Von @DieHoeragenten wärmstens empfohlen (VIELEN LIEBEN DANK !!! ) habe ich mir dieses Hörspiel gestern auf den Fahrten zur und von der Arbeit angehört. Als Zwischenspiel zwischen längeren ungekürzten Hörbüchern ist so ein Hörspiel ideal, vor allem bei solch fabelhafter Besetzung! Selbst David Nathan war mit von der Partie.

Und ich wurde nicht enttäuscht, die schauspielerischen Leistungen der Sprecher waren hervorragend.

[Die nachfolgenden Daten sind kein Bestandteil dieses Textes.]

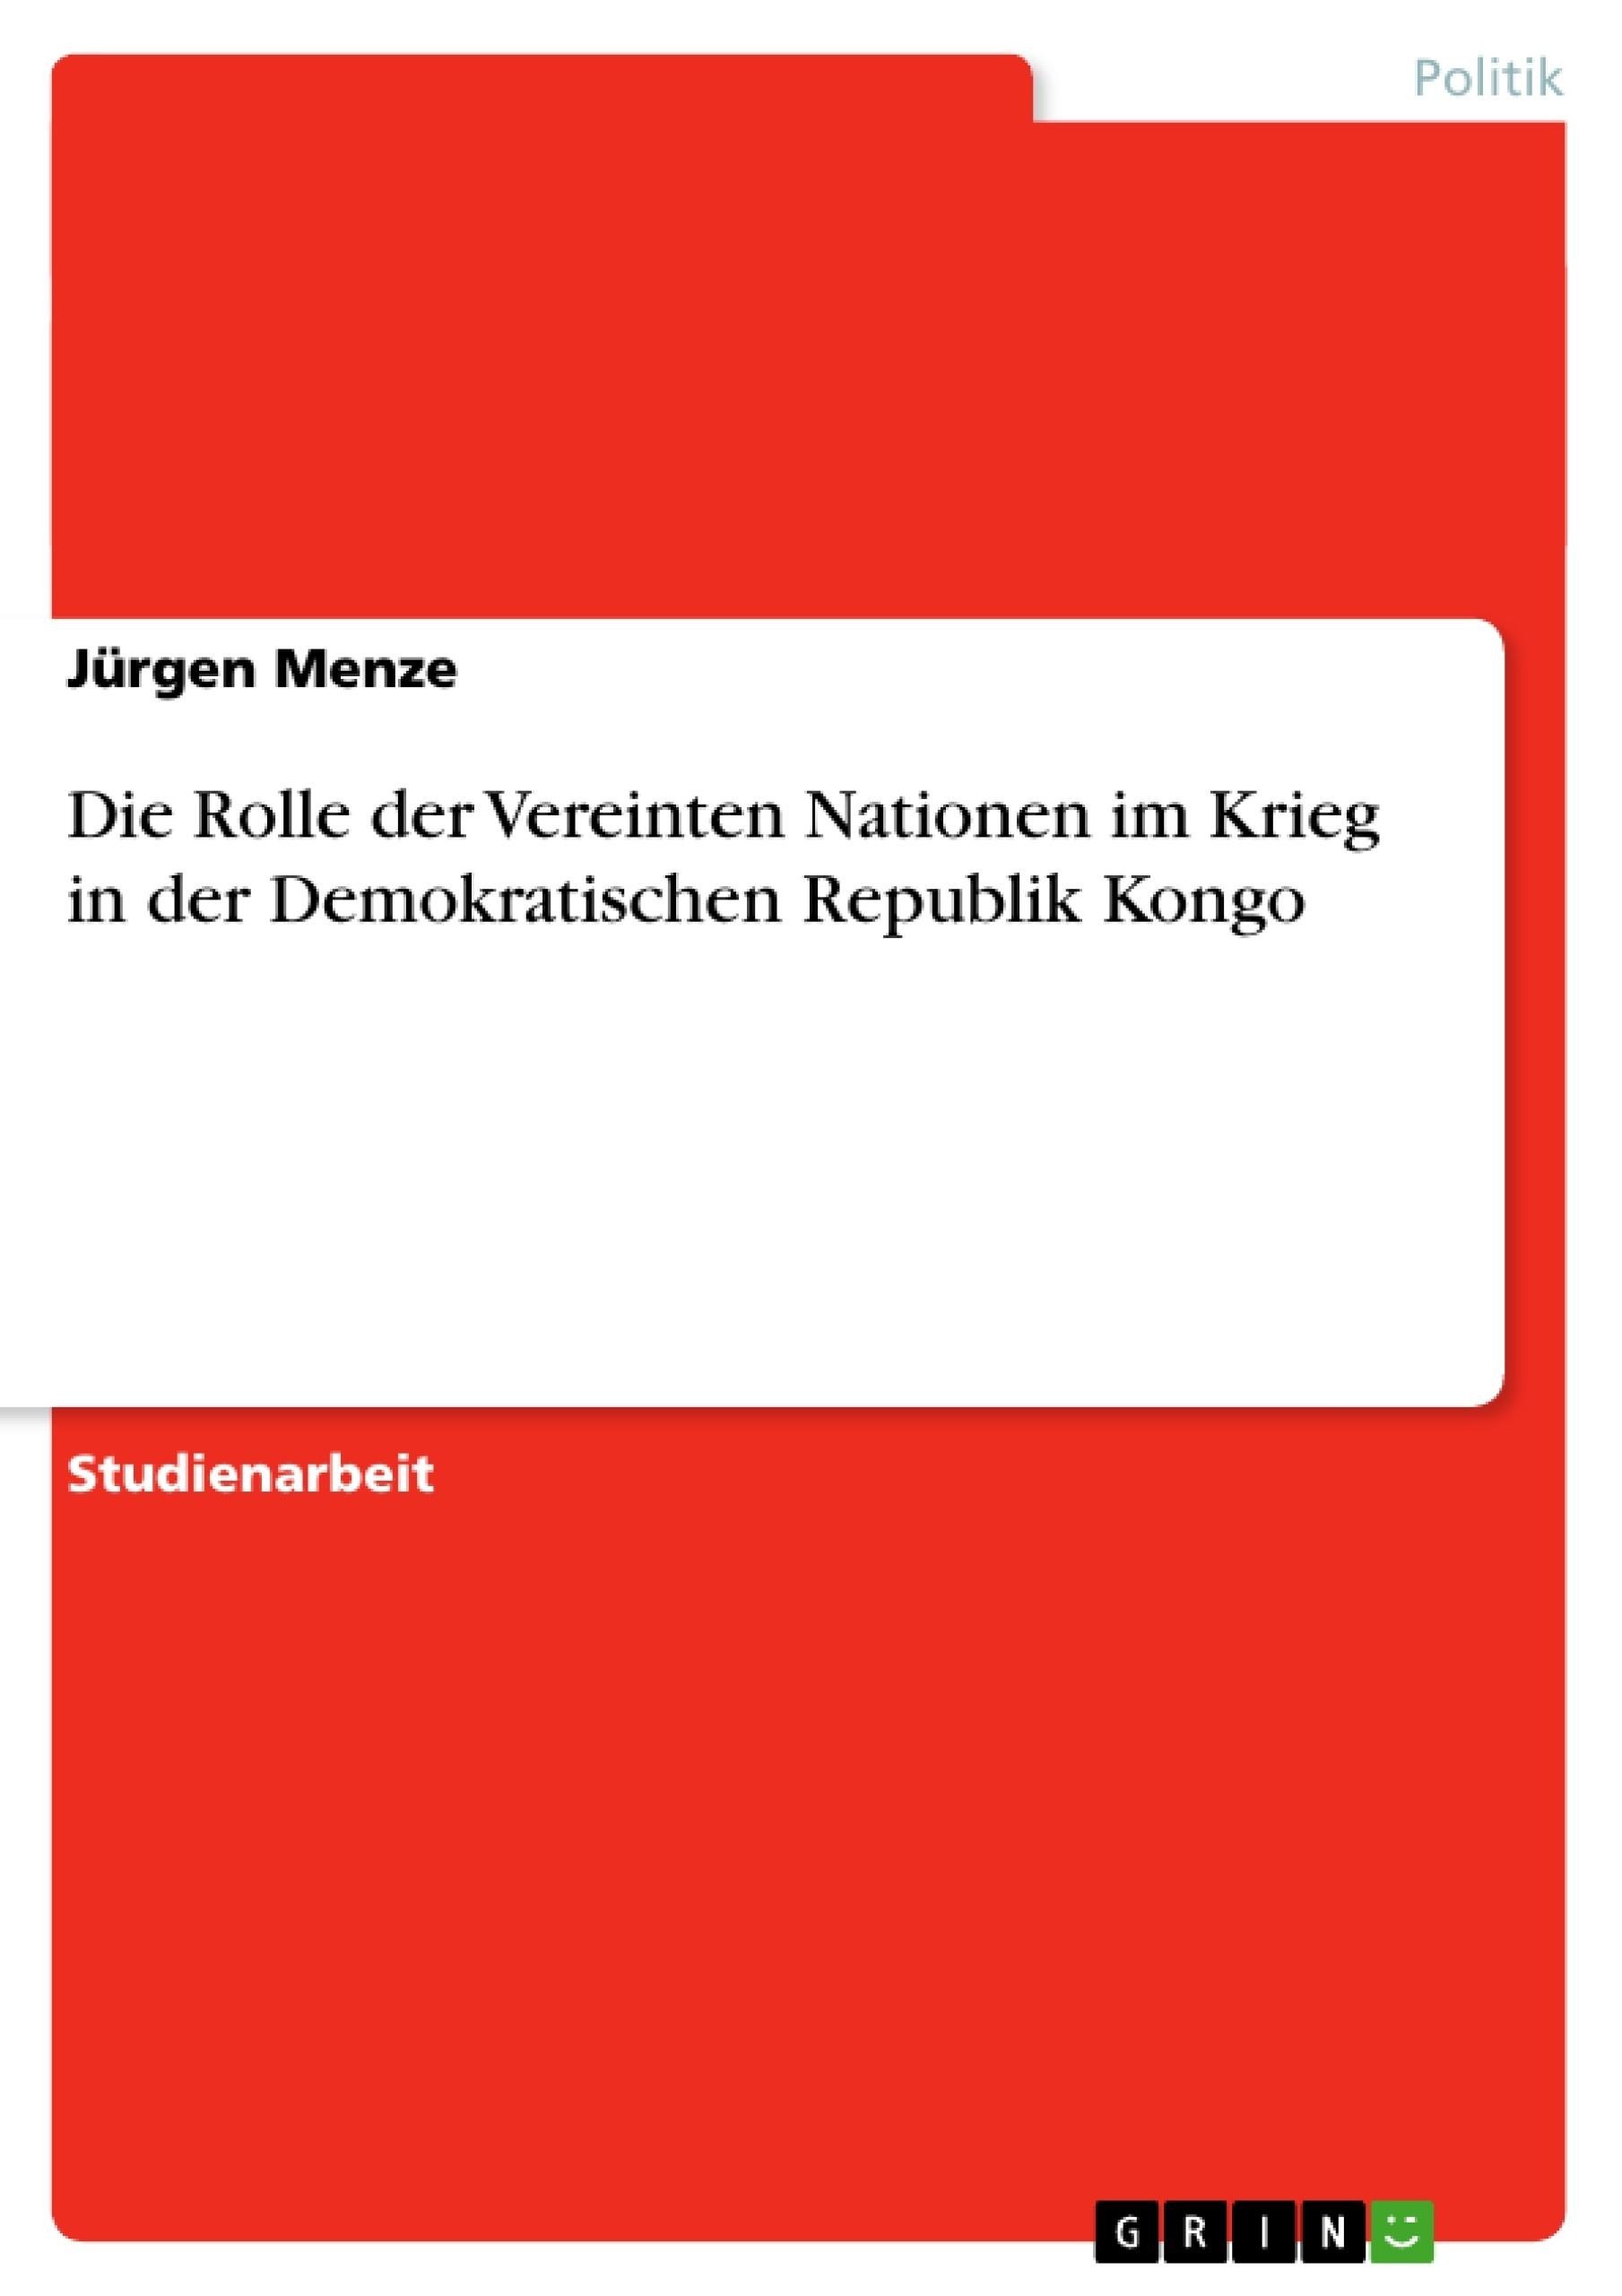 Titel: Die Rolle der Vereinten Nationen im Krieg in der Demokratischen Republik Kongo
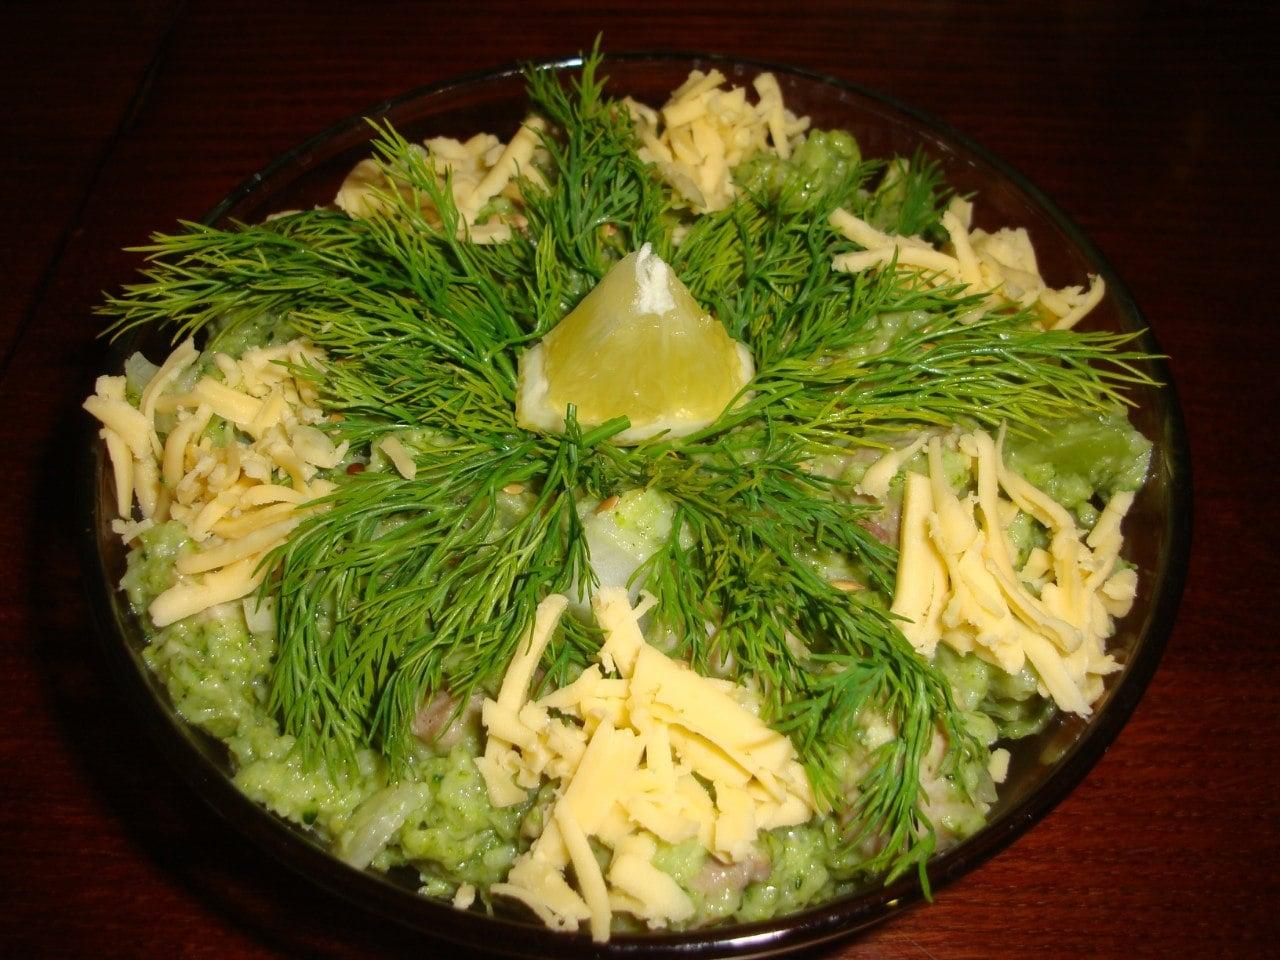 Салат из мяса с брокколи - приготовление, шаг 6

Was die Story angeht, so war ich erschüttert über die vielen Morde, die eine einzige Frau einfach über Jahre hinweg begehen konnte; selbst ihre eigenen Eltern, Ehemänner und sogar Kinder bringt sie um die Ecke. Und sie schien sich absolut nichts dabei zu denken, ihre Umwelt systematisch zu vergiften, wenn auch oft mit geringen Dosen, die nicht zum Tod führten. Sie nutzte dafür “Mäusebutter” – Wikipedia erklärte mir, dass dies Fett mit Arsenkügelchen sei, wohl ein damals gängiges Rattengift.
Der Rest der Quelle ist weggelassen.